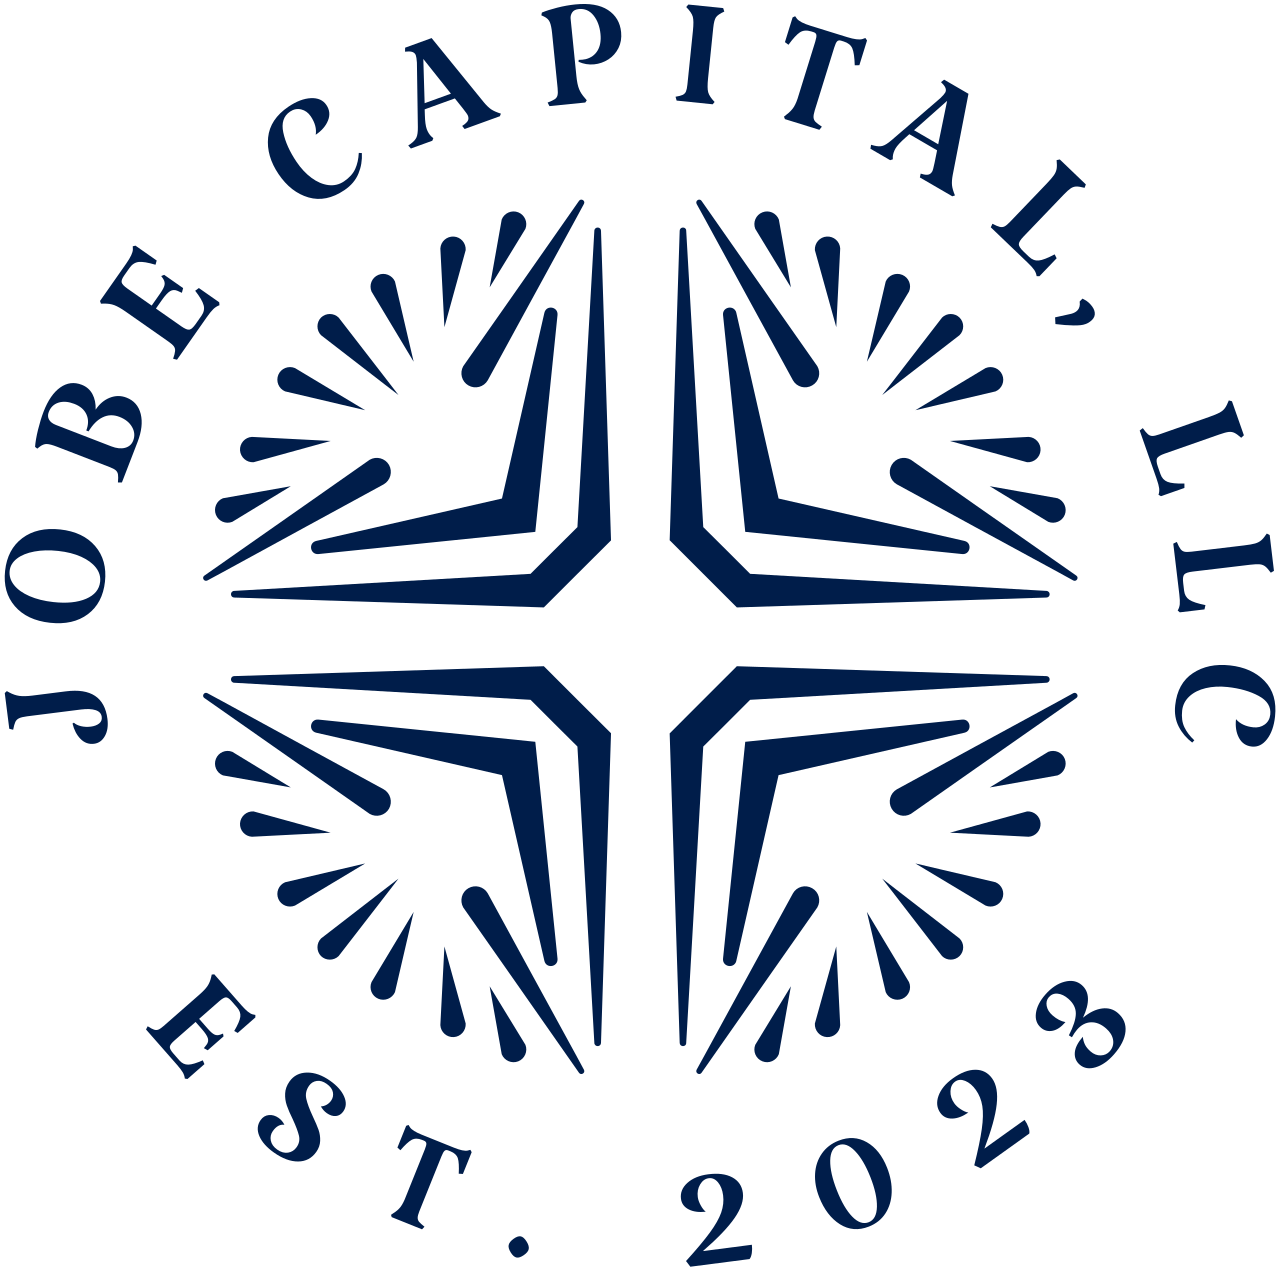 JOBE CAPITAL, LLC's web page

* * *

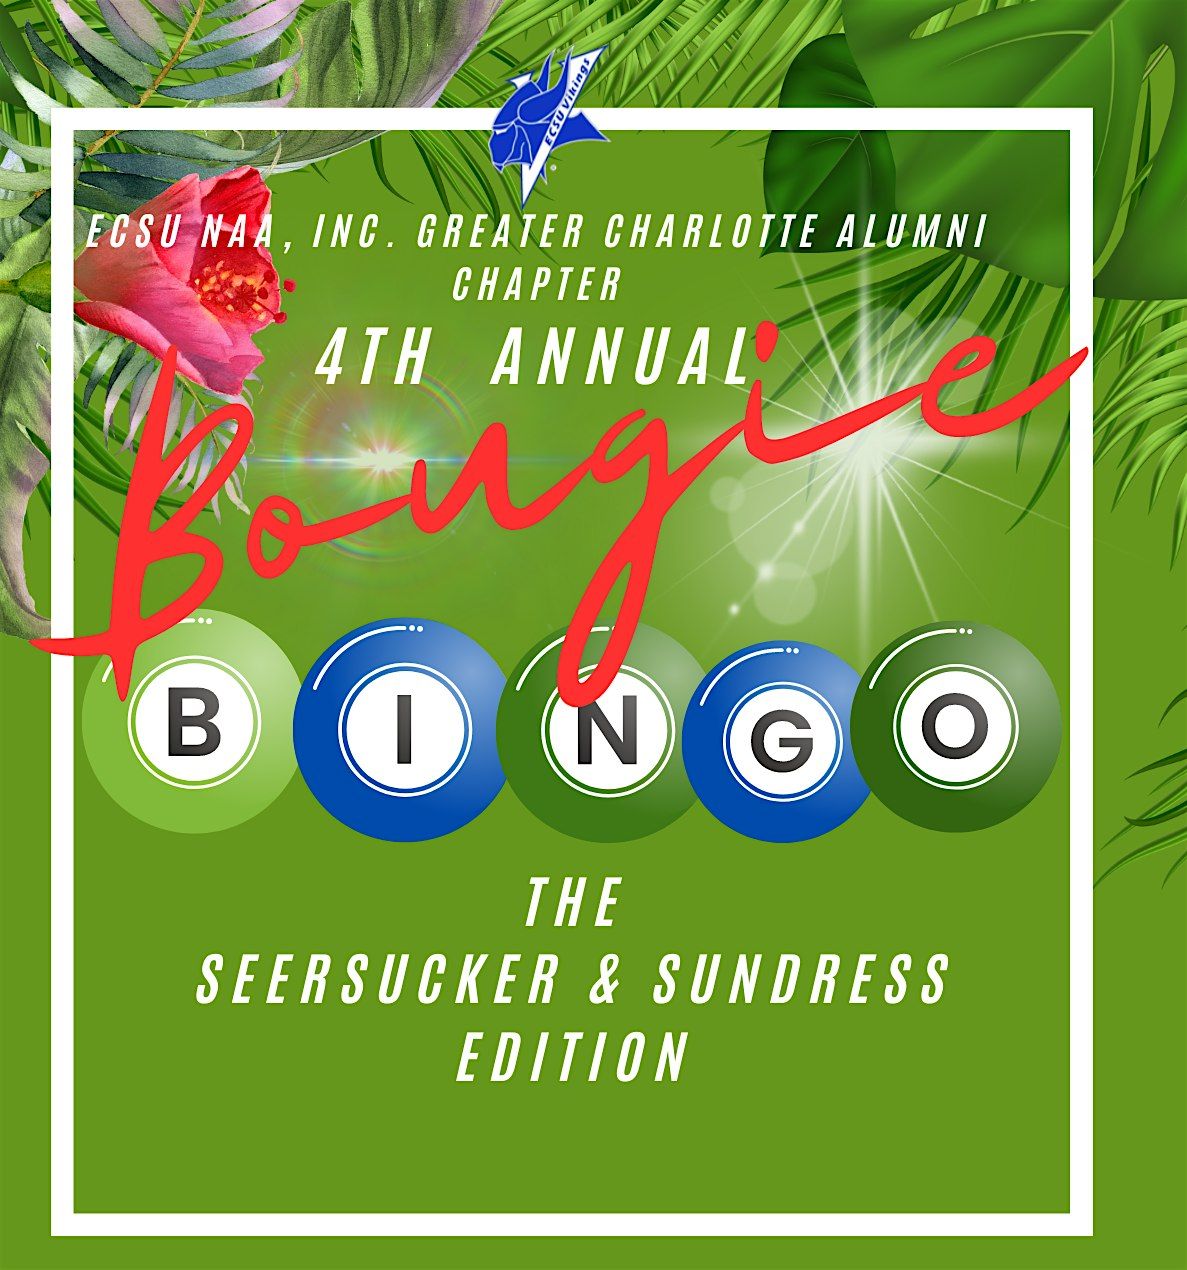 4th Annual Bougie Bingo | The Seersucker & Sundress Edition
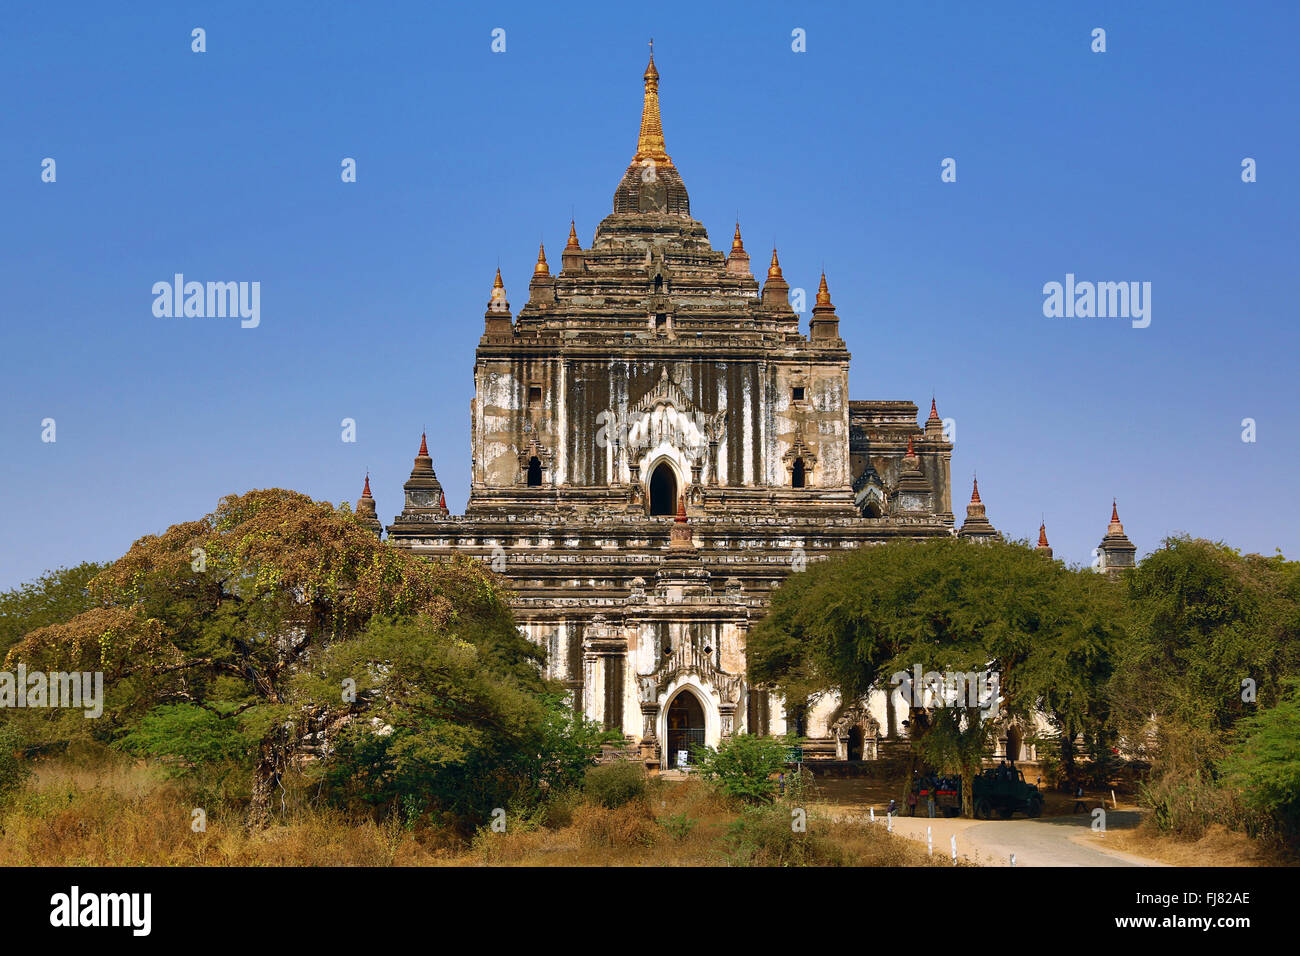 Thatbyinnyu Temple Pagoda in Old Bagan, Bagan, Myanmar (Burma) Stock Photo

---

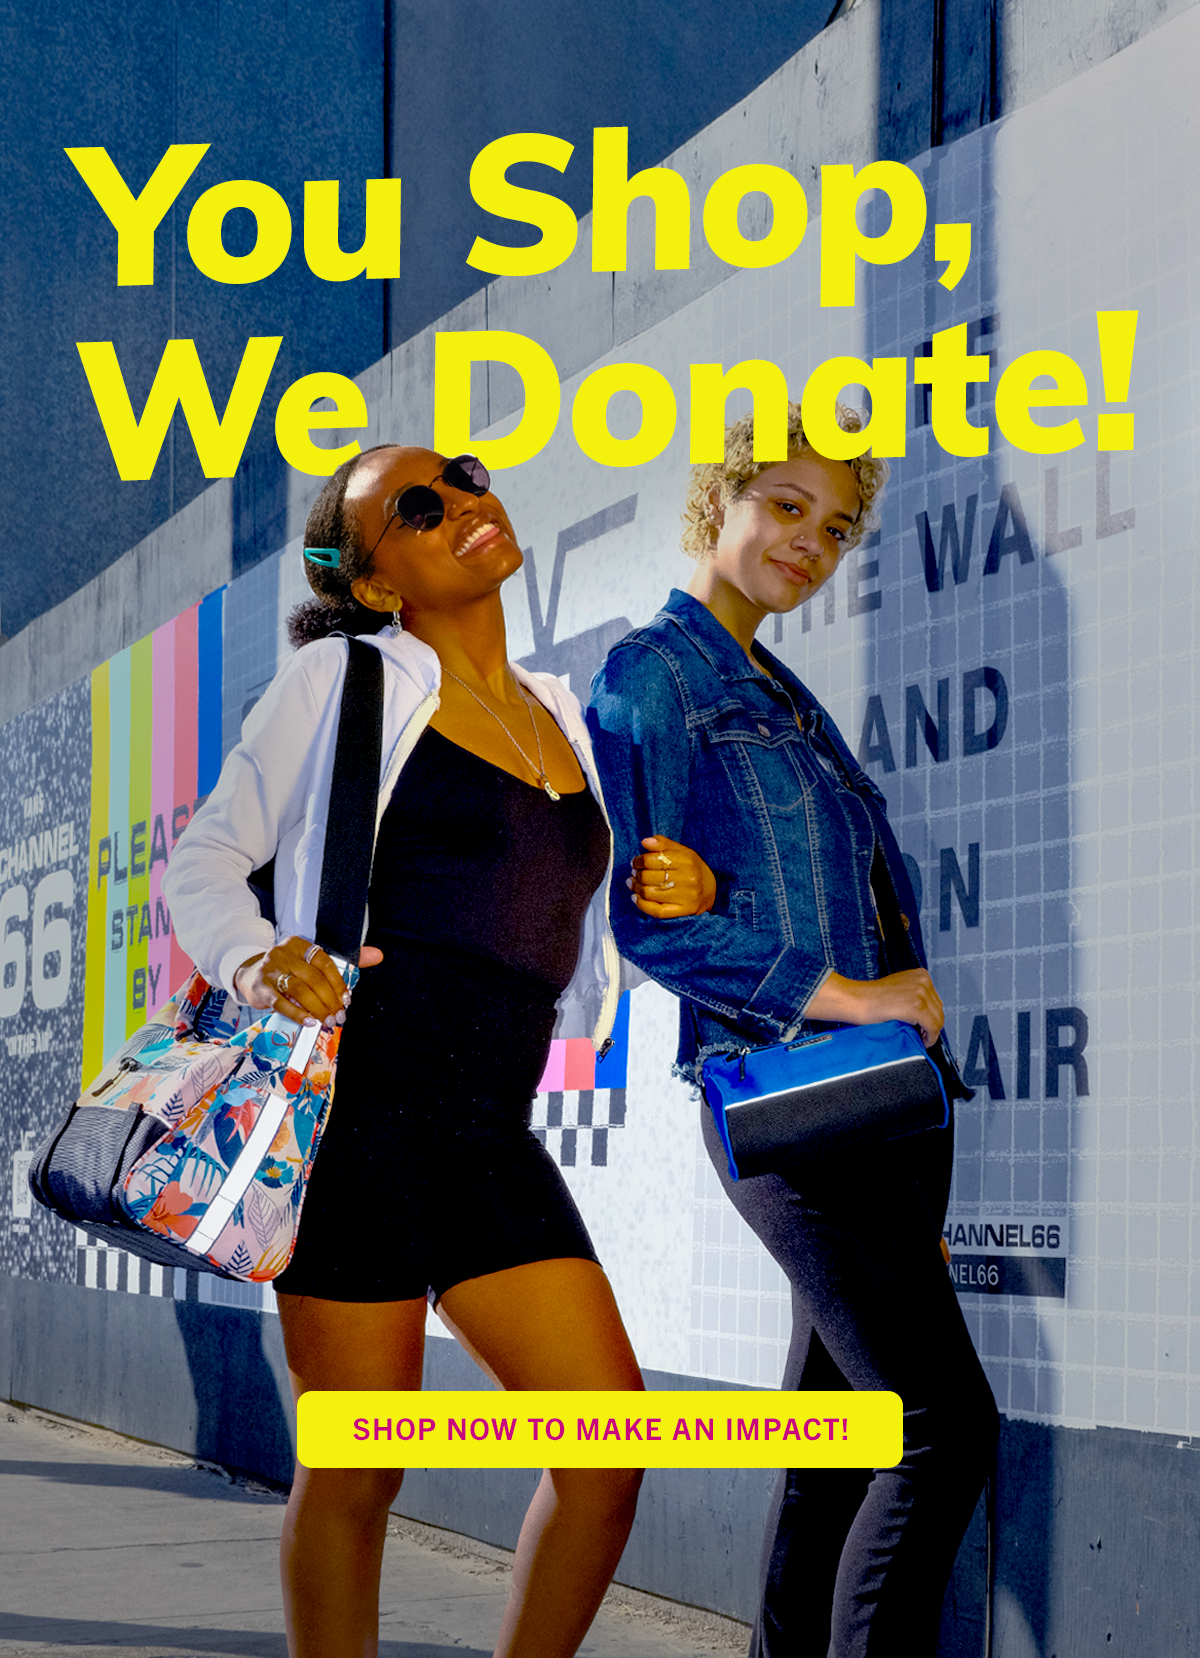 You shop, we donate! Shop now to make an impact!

● **TASK TO COMPLETE**
Give the lines above again exactly, from the one containing "4th Annual Bougie" to the one containing "Thatbyinnyu Temple Pagoda", both included, but leave out the pictures.

● **TASK RESPONSE**
 4th Annual Bougie Bingo | The Seersucker & Sundress Edition
 Thatbyinnyu Temple Pagoda in Old Bagan, Bagan, Myanmar (Burma) Stock Photo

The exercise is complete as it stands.